A listings magazine is a magazine which is largely dedicated to information about the upcoming week's events such as broadcast programming, music, clubs, theatre and film information.

The BBC's Radio Times was the world's first listings magazine when it was founded in 1923 to compete with daily newspapers, which had hitherto fulfilled the role. In 1932, New York's Cue was the first city-specific listings magazine.

With the expansion of broadcast media many others have followed, expanding the format to include columns about media production and personalities, such as TV Hebdo (Québec) in Canada, TV Guide in the US and hundreds of others worldwide. Broadcast guides are normally published either with a Saturday or Sunday newspaper or are published weekly or fortnightly.  It has become a highly competitive area of publishing.

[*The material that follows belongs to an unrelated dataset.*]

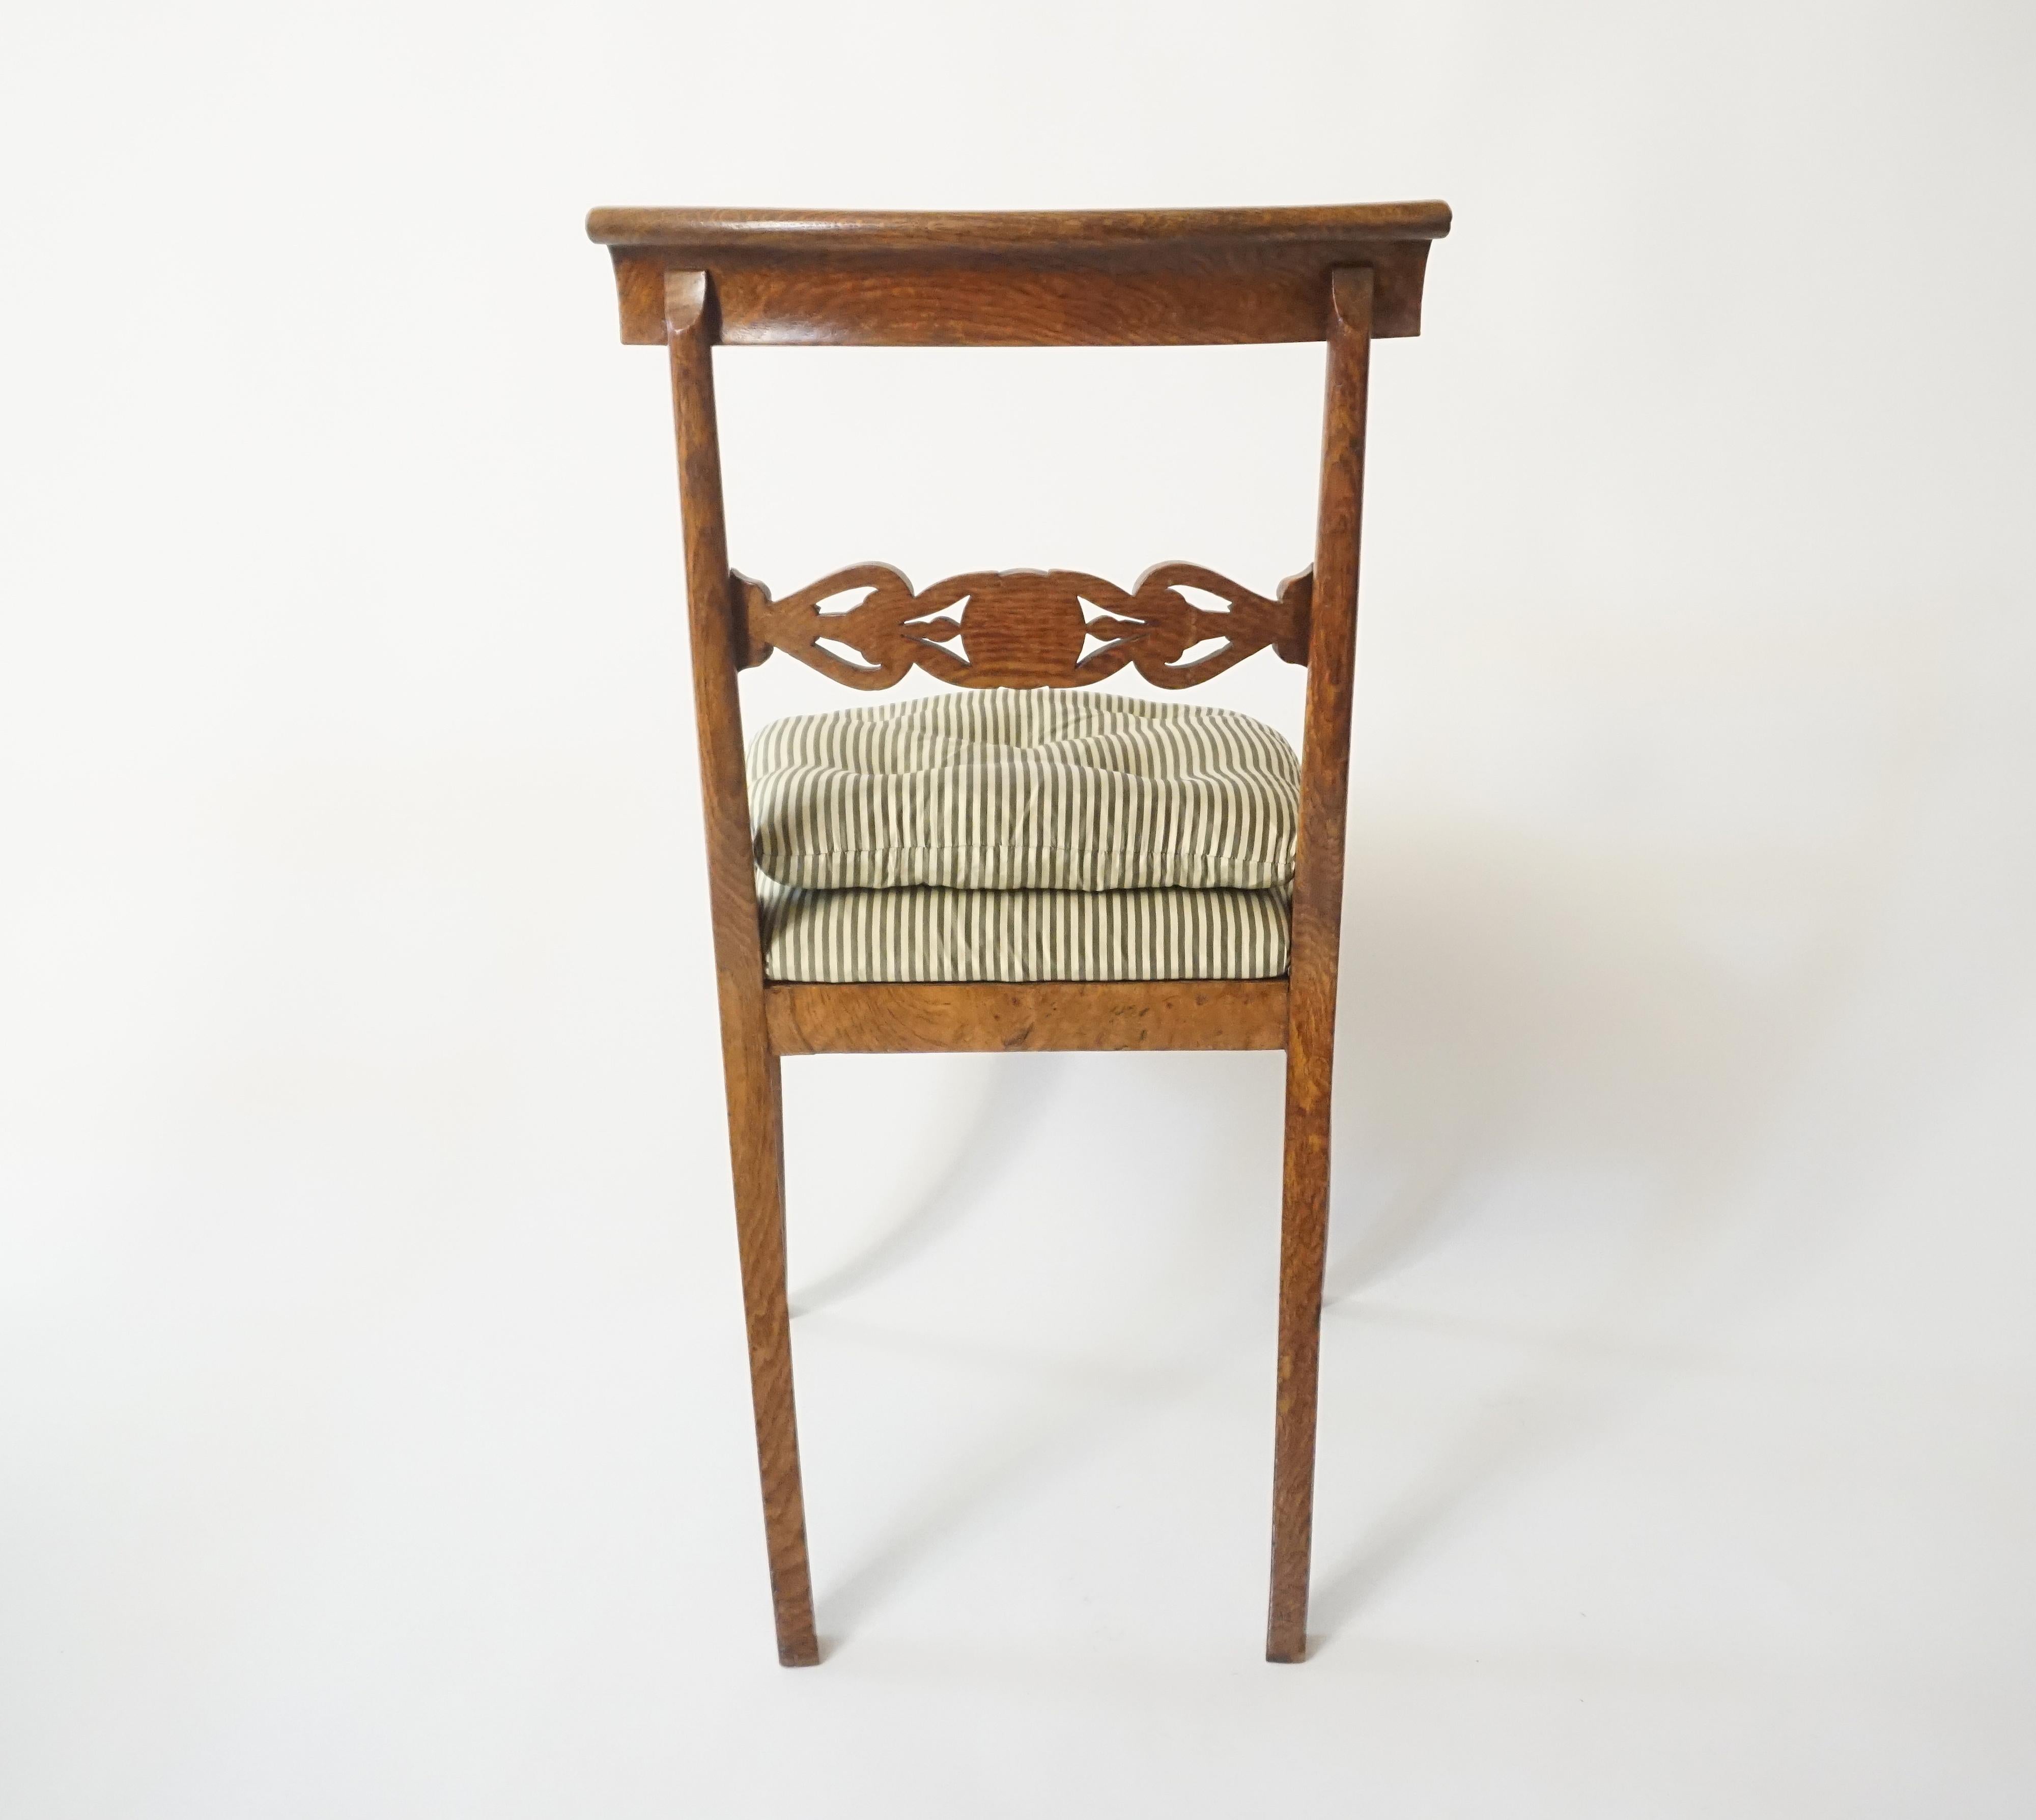 19th Century Chairs by George Bullock, Set of 4, England, 1816

Other listings magazines have started from a primary base in cultural events, such as Time Out magazine in the UK.  Most major cities worldwide have one or many more such publications.

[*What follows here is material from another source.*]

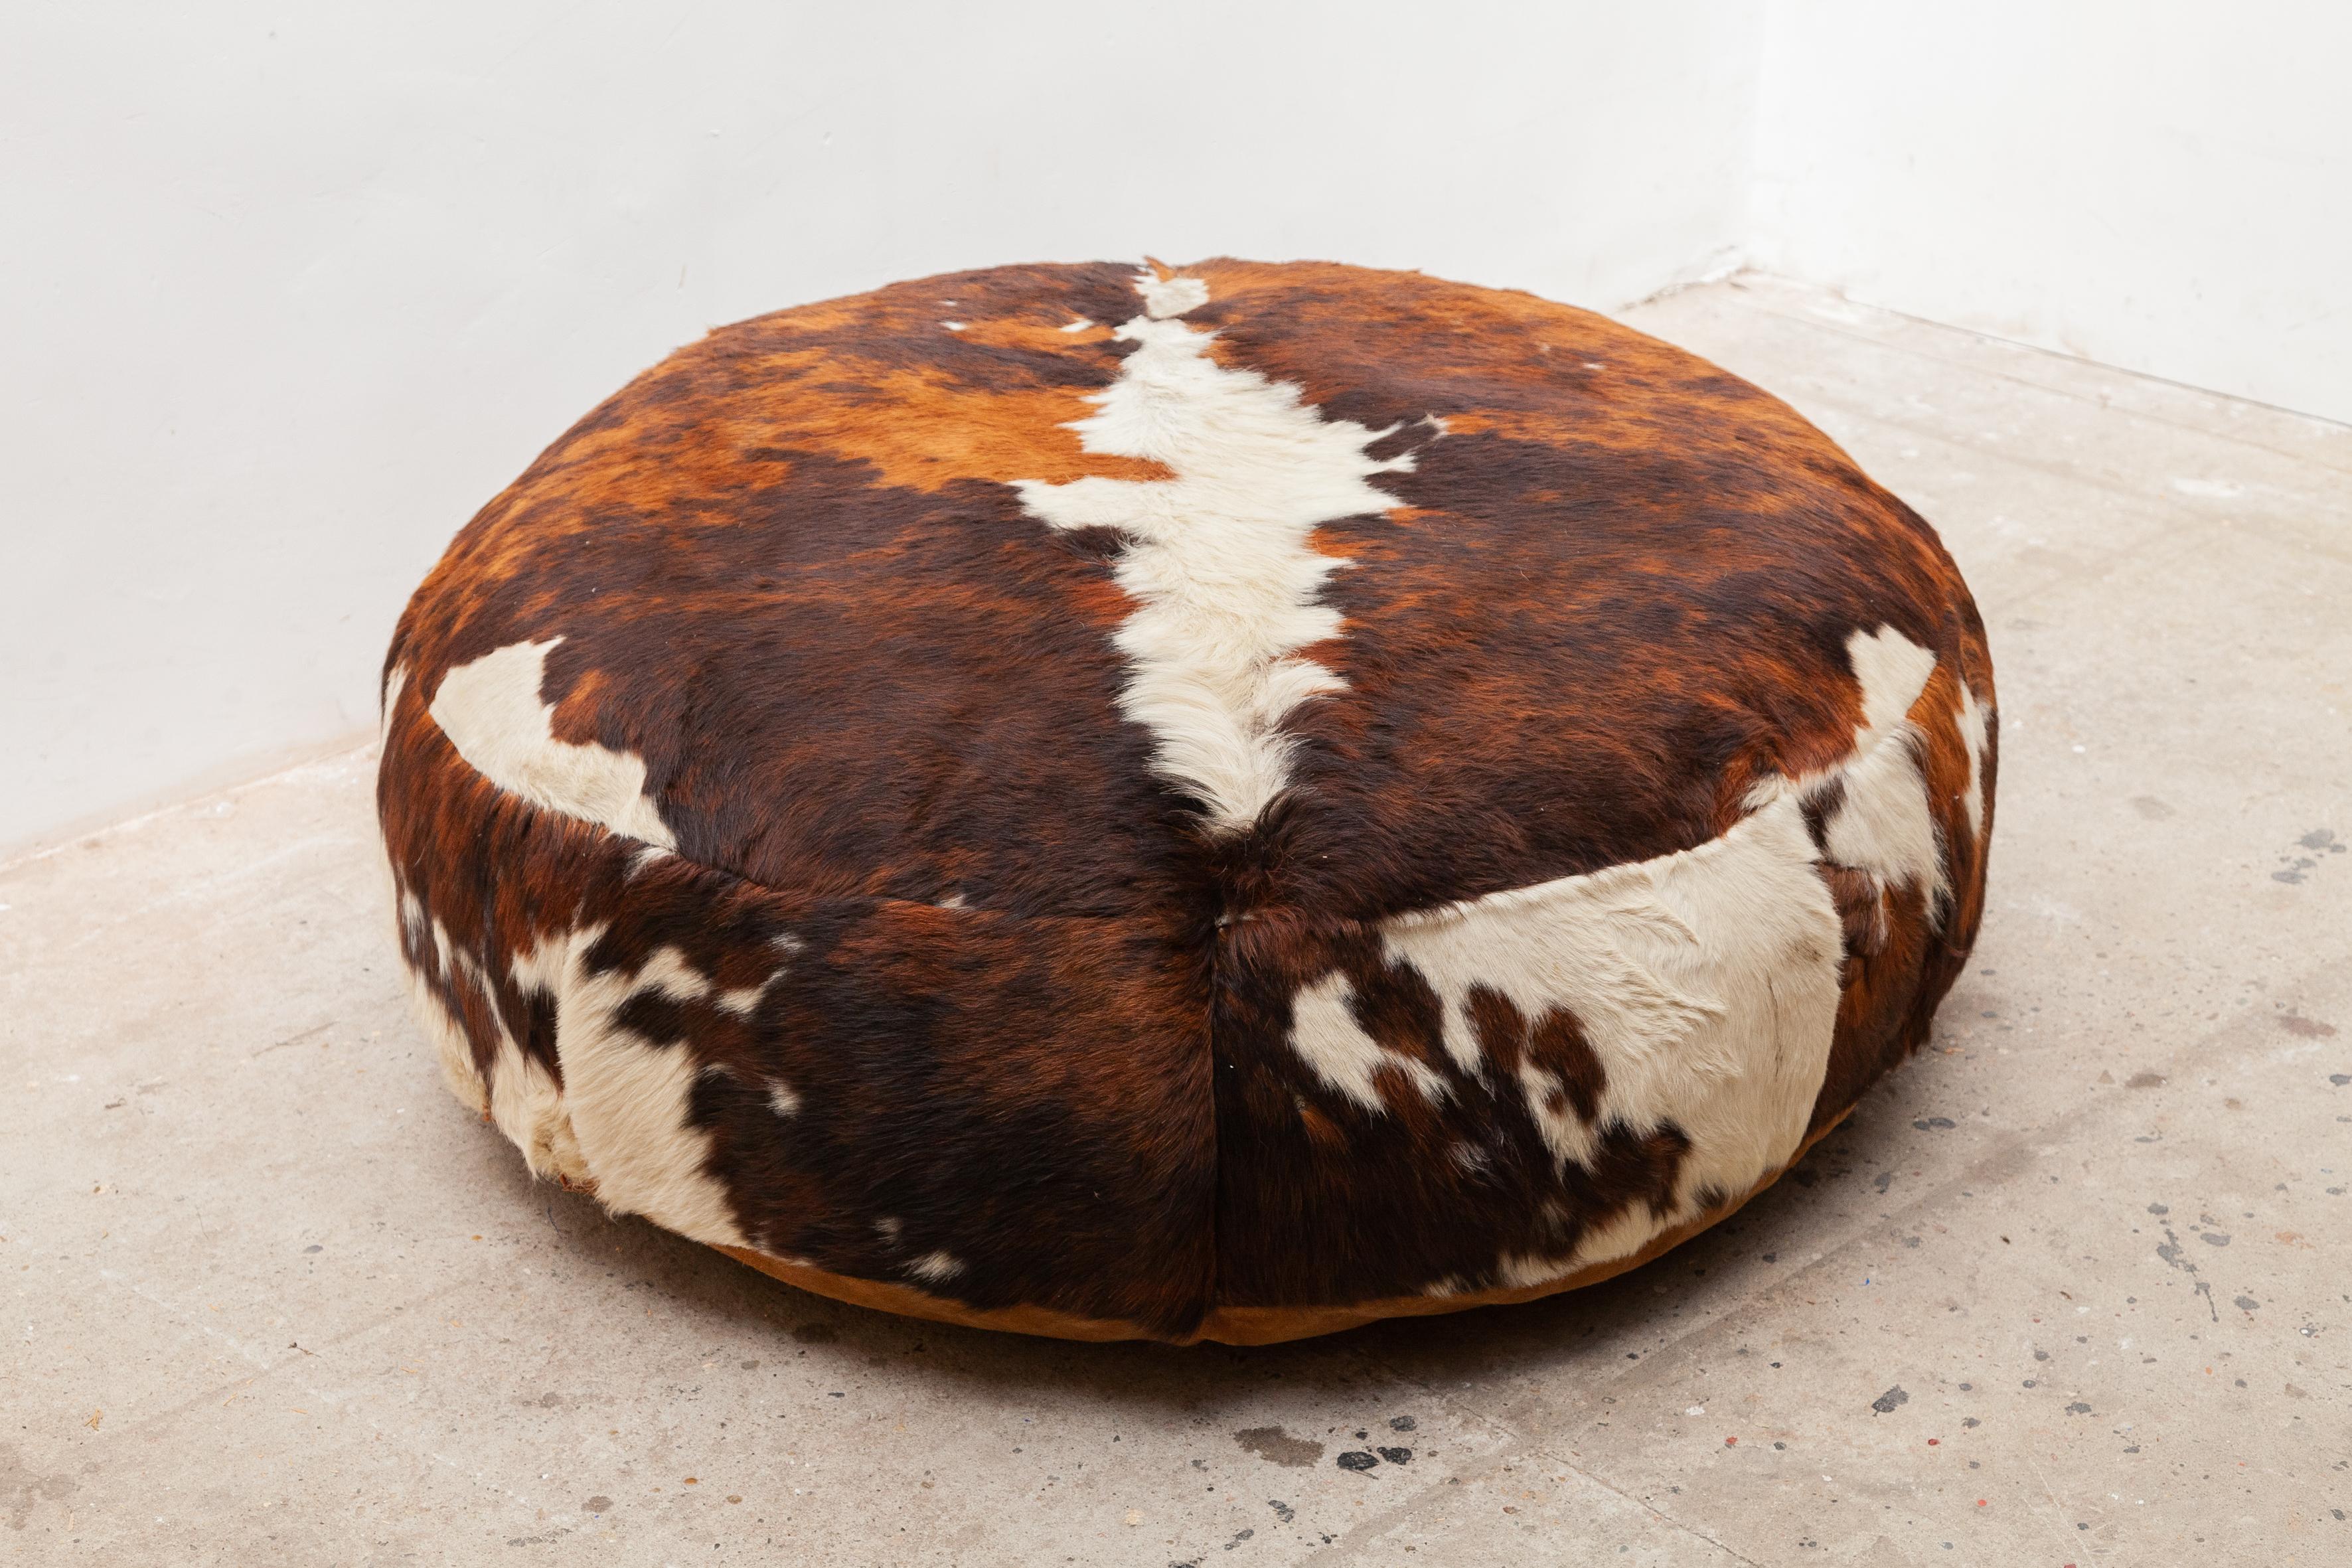 Vintage pouf with a cuddly factor extra large relax pouf. Great to complement a seating area. The pouf is in a very good condition with some signs of age and use. Measure: Diameter 110 cm.

During the politically charged 1970s and 1980s, many of these magazines, in the UK at least, played a progressive role as part of the alternative press and had a reputation for leftward leaning investigative and campaigning journalism. They were some of the first consumer magazines to carry lists of "agitprop" events. City Limits was probably the most outspoken of all UK-based listings magazines but almost all followed Time Out’s lead of including space for lesbian and gay events and clubs. In certain areas of the UK which were previously dominated by the old guard of regional newspapers, which were traditionally more conservative in outlook, this was the first time that gay issues were put on a par with others - this was particularly true of Bristol's Venue, Southampton's Due South Magazine, and to a lesser extent Manchester's City Life where the local press (Manchester Evening News) had been at times at least, a little more tolerant.

In Italy the most important listing magazine has always been TV Sorrisi e Canzoni, with a weekly circulation of over 2 million in the late 80s.